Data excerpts
-- Opening Marker --
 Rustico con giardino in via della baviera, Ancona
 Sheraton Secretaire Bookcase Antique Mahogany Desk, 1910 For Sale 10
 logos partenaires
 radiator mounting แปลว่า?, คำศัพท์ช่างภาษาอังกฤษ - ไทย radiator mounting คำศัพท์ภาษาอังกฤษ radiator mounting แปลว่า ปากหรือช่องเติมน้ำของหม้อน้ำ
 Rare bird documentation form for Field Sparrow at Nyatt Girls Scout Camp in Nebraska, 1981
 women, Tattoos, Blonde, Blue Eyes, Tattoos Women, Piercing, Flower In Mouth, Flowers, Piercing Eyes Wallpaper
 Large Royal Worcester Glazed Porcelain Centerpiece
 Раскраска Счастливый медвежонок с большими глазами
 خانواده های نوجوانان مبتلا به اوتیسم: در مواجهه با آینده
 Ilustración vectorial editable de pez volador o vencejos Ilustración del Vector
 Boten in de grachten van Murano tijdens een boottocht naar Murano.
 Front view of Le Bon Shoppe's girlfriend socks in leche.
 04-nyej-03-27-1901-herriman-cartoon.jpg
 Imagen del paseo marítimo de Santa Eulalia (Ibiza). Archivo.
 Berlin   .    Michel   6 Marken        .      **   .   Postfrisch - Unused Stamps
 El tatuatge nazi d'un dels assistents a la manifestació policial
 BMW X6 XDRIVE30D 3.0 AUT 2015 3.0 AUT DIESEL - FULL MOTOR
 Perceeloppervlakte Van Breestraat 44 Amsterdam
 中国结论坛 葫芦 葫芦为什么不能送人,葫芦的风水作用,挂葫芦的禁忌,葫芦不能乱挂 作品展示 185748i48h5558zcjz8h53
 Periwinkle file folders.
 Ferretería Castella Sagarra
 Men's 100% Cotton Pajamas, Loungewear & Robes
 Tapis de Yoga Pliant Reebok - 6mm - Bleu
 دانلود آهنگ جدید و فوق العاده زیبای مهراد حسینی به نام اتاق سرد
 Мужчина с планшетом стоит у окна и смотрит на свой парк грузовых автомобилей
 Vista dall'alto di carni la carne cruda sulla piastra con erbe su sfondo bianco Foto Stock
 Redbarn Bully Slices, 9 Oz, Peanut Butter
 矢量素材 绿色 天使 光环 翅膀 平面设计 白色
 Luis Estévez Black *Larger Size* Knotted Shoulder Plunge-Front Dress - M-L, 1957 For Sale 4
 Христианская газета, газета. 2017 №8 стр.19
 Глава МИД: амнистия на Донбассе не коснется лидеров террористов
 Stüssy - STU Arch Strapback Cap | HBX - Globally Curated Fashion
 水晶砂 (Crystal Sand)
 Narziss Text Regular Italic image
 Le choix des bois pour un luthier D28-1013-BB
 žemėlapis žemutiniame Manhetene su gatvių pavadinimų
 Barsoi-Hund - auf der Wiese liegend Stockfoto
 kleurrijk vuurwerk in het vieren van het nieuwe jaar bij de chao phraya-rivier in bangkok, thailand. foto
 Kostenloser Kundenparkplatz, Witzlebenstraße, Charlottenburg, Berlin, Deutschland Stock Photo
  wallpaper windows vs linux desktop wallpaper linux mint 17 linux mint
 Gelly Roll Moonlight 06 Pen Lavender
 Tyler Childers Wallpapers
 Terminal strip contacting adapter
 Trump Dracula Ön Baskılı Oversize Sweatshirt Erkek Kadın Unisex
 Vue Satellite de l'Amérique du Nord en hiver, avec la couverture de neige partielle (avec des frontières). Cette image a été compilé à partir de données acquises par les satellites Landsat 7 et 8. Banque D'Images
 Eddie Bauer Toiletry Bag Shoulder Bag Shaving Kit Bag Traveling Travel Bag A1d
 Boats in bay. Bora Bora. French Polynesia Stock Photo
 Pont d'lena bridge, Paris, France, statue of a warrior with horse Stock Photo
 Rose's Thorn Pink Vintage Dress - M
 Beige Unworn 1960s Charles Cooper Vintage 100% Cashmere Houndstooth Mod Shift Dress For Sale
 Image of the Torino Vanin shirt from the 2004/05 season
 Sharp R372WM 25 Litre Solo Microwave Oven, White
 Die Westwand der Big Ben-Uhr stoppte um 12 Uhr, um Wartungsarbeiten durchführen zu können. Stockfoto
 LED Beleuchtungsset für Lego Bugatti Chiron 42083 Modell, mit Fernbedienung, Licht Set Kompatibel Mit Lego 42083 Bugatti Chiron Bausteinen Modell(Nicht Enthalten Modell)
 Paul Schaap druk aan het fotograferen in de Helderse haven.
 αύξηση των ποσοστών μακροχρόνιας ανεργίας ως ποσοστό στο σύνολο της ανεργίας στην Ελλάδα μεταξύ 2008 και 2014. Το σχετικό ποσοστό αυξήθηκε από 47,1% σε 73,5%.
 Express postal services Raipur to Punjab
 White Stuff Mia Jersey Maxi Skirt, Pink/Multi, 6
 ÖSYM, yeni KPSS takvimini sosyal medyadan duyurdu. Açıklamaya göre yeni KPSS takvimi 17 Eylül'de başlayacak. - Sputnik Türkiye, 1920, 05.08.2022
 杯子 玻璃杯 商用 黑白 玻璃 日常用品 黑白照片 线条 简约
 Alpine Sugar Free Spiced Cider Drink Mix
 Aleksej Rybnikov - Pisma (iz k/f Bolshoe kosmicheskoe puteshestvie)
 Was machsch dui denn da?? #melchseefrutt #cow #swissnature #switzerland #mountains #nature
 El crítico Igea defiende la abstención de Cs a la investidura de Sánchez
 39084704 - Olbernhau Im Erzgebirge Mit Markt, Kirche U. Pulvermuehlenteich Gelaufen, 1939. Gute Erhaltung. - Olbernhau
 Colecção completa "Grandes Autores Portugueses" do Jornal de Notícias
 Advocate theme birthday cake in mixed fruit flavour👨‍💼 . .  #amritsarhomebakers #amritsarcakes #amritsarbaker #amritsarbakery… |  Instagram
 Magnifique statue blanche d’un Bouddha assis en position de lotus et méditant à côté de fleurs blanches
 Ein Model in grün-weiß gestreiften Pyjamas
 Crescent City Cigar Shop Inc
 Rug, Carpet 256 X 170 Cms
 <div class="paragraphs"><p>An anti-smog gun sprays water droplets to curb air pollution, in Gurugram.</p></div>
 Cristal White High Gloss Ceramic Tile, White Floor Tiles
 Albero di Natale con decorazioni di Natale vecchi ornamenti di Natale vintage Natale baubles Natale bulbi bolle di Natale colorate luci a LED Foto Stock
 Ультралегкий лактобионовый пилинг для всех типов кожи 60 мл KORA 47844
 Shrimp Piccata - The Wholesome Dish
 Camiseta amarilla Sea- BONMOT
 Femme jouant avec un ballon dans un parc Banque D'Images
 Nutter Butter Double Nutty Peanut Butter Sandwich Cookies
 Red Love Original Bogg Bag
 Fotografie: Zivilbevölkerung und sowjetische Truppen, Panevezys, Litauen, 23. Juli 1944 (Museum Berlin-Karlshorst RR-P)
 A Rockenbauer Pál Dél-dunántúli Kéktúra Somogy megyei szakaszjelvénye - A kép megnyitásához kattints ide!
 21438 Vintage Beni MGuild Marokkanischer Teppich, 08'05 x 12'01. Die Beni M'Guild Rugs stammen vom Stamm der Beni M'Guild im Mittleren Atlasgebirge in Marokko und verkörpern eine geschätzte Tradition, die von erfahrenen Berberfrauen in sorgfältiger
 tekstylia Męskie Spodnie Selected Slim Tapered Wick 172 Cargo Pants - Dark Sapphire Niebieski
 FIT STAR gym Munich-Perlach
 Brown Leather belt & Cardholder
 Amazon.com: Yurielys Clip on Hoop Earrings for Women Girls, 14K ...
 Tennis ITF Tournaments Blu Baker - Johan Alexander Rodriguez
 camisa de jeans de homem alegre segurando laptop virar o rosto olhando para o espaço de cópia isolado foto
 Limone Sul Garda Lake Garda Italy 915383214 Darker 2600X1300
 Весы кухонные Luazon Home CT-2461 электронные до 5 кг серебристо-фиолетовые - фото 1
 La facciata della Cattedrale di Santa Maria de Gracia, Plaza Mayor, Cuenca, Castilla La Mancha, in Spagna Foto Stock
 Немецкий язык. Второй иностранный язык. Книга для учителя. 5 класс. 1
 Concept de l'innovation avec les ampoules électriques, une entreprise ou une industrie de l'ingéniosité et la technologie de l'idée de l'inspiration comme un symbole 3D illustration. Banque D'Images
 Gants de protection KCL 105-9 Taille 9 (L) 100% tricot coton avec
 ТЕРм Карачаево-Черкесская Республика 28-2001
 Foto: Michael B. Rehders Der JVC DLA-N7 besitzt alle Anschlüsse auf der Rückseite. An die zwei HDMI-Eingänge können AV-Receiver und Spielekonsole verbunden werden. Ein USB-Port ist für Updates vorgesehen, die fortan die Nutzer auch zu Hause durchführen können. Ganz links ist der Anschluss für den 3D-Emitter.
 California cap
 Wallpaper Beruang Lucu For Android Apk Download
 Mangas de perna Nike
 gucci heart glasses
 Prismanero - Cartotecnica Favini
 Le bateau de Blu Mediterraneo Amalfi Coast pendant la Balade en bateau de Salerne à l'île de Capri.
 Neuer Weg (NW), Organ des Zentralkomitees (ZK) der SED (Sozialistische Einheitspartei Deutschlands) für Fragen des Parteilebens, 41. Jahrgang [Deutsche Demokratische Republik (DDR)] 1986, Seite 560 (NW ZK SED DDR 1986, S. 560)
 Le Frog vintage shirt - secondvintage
-- Closing Marker --
_WHAT YOU WILL DO_
A word-for-word copy of the entries, from the first line through the line containing "El tatuatge nazi", is the whole answer.

_OUTPUT OF THE TASK_
 Rustico con giardino in via della baviera, Ancona
 Sheraton Secretaire Bookcase Antique Mahogany Desk, 1910 For Sale 10
 logos partenaires
 radiator mounting แปลว่า?, คำศัพท์ช่างภาษาอังกฤษ - ไทย radiator mounting คำศัพท์ภาษาอังกฤษ radiator mounting แปลว่า ปากหรือช่องเติมน้ำของหม้อน้ำ
 Rare bird documentation form for Field Sparrow at Nyatt Girls Scout Camp in Nebraska, 1981
 women, Tattoos, Blonde, Blue Eyes, Tattoos Women, Piercing, Flower In Mouth, Flowers, Piercing Eyes Wallpaper
 Large Royal Worcester Glazed Porcelain Centerpiece
 Раскраска Счастливый медвежонок с большими глазами
 خانواده های نوجوانان مبتلا به اوتیسم: در مواجهه با آینده
 Ilustración vectorial editable de pez volador o vencejos Ilustración del Vector
 Boten in de grachten van Murano tijdens een boottocht naar Murano.
 Front view of Le Bon Shoppe's girlfriend socks in leche.
 04-nyej-03-27-1901-herriman-cartoon.jpg
 Imagen del paseo marítimo de Santa Eulalia (Ibiza). Archivo.
 Berlin   .    Michel   6 Marken        .      **   .   Postfrisch - Unused Stamps
 El tatuatge nazi d'un dels assistents a la manifestació policial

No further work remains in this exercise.